→ Task
Even where a record seems odd, copy it exactly as it appears below.

→ Task material
━━━━━━━━

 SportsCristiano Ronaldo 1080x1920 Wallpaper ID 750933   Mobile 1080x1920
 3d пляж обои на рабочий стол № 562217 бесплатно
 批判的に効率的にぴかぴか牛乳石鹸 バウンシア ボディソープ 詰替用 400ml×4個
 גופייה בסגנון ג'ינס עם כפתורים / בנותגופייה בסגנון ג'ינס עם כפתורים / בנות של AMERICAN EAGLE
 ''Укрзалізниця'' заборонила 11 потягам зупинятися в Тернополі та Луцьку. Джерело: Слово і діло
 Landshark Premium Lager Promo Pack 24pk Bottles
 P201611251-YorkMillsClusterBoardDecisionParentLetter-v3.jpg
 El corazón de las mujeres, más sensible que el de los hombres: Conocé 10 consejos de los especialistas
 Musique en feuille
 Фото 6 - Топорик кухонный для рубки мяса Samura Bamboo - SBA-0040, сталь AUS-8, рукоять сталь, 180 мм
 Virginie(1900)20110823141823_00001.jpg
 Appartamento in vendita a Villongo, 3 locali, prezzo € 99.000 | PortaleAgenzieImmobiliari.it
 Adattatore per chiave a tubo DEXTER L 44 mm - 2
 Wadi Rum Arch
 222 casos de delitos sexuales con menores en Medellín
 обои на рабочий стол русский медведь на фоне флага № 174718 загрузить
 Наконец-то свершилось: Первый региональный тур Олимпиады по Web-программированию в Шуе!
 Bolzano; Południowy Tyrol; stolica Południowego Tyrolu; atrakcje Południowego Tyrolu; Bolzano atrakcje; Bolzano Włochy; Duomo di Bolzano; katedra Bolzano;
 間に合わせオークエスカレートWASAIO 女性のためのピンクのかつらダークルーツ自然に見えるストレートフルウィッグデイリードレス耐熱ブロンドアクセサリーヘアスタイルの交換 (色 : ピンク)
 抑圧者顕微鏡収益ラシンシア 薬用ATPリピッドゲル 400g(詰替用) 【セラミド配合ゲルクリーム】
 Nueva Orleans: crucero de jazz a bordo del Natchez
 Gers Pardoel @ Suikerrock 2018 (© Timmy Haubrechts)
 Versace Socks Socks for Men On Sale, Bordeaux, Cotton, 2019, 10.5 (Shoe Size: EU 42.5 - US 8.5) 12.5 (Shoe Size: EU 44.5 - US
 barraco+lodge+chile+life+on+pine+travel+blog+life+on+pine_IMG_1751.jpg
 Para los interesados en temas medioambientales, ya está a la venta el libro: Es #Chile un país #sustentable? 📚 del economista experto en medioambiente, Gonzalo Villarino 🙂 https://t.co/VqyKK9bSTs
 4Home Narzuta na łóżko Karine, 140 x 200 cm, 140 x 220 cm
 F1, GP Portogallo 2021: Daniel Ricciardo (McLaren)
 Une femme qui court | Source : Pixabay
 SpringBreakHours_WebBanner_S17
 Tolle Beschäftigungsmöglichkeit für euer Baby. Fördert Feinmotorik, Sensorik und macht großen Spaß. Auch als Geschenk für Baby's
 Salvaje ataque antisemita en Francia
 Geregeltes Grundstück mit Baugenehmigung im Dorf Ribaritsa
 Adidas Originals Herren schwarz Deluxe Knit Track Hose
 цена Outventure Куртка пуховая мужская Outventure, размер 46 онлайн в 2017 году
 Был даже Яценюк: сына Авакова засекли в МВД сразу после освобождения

━━━━━━━━

→ Solution for this problem
 SportsCristiano Ronaldo 1080x1920 Wallpaper ID 750933   Mobile 1080x1920
 3d пляж обои на рабочий стол № 562217 бесплатно
 批判的に効率的にぴかぴか牛乳石鹸 バウンシア ボディソープ 詰替用 400ml×4個
 גופייה בסגנון ג'ינס עם כפתורים / בנותגופייה בסגנון ג'ינס עם כפתורים / בנות של AMERICAN EAGLE
 ''Укрзалізниця'' заборонила 11 потягам зупинятися в Тернополі та Луцьку. Джерело: Слово і діло
 Landshark Premium Lager Promo Pack 24pk Bottles
 P201611251-YorkMillsClusterBoardDecisionParentLetter-v3.jpg
 El corazón de las mujeres, más sensible que el de los hombres: Conocé 10 consejos de los especialistas
 Musique en feuille
 Фото 6 - Топорик кухонный для рубки мяса Samura Bamboo - SBA-0040, сталь AUS-8, рукоять сталь, 180 мм
 Virginie(1900)20110823141823_00001.jpg
 Appartamento in vendita a Villongo, 3 locali, prezzo € 99.000 | PortaleAgenzieImmobiliari.it
 Adattatore per chiave a tubo DEXTER L 44 mm - 2
 Wadi Rum Arch
 222 casos de delitos sexuales con menores en Medellín
 обои на рабочий стол русский медведь на фоне флага № 174718 загрузить
 Наконец-то свершилось: Первый региональный тур Олимпиады по Web-программированию в Шуе!
 Bolzano; Południowy Tyrol; stolica Południowego Tyrolu; atrakcje Południowego Tyrolu; Bolzano atrakcje; Bolzano Włochy; Duomo di Bolzano; katedra Bolzano;
 間に合わせオークエスカレートWASAIO 女性のためのピンクのかつらダークルーツ自然に見えるストレートフルウィッグデイリードレス耐熱ブロンドアクセサリーヘアスタイルの交換 (色 : ピンク)
 抑圧者顕微鏡収益ラシンシア 薬用ATPリピッドゲル 400g(詰替用) 【セラミド配合ゲルクリーム】
 Nueva Orleans: crucero de jazz a bordo del Natchez
 Gers Pardoel @ Suikerrock 2018 (© Timmy Haubrechts)
 Versace Socks Socks for Men On Sale, Bordeaux, Cotton, 2019, 10.5 (Shoe Size: EU 42.5 - US 8.5) 12.5 (Shoe Size: EU 44.5 - US
 barraco+lodge+chile+life+on+pine+travel+blog+life+on+pine_IMG_1751.jpg
 Para los interesados en temas medioambientales, ya está a la venta el libro: Es #Chile un país #sustentable? 📚 del economista experto en medioambiente, Gonzalo Villarino 🙂 https://t.co/VqyKK9bSTs
 4Home Narzuta na łóżko Karine, 140 x 200 cm, 140 x 220 cm
 F1, GP Portogallo 2021: Daniel Ricciardo (McLaren)
 Une femme qui court | Source : Pixabay
 SpringBreakHours_WebBanner_S17
 Tolle Beschäftigungsmöglichkeit für euer Baby. Fördert Feinmotorik, Sensorik und macht großen Spaß. Auch als Geschenk für Baby's
 Salvaje ataque antisemita en Francia
 Geregeltes Grundstück mit Baugenehmigung im Dorf Ribaritsa
 Adidas Originals Herren schwarz Deluxe Knit Track Hose
 цена Outventure Куртка пуховая мужская Outventure, размер 46 онлайн в 2017 году
 Был даже Яценюк: сына Авакова засекли в МВД сразу после освобождения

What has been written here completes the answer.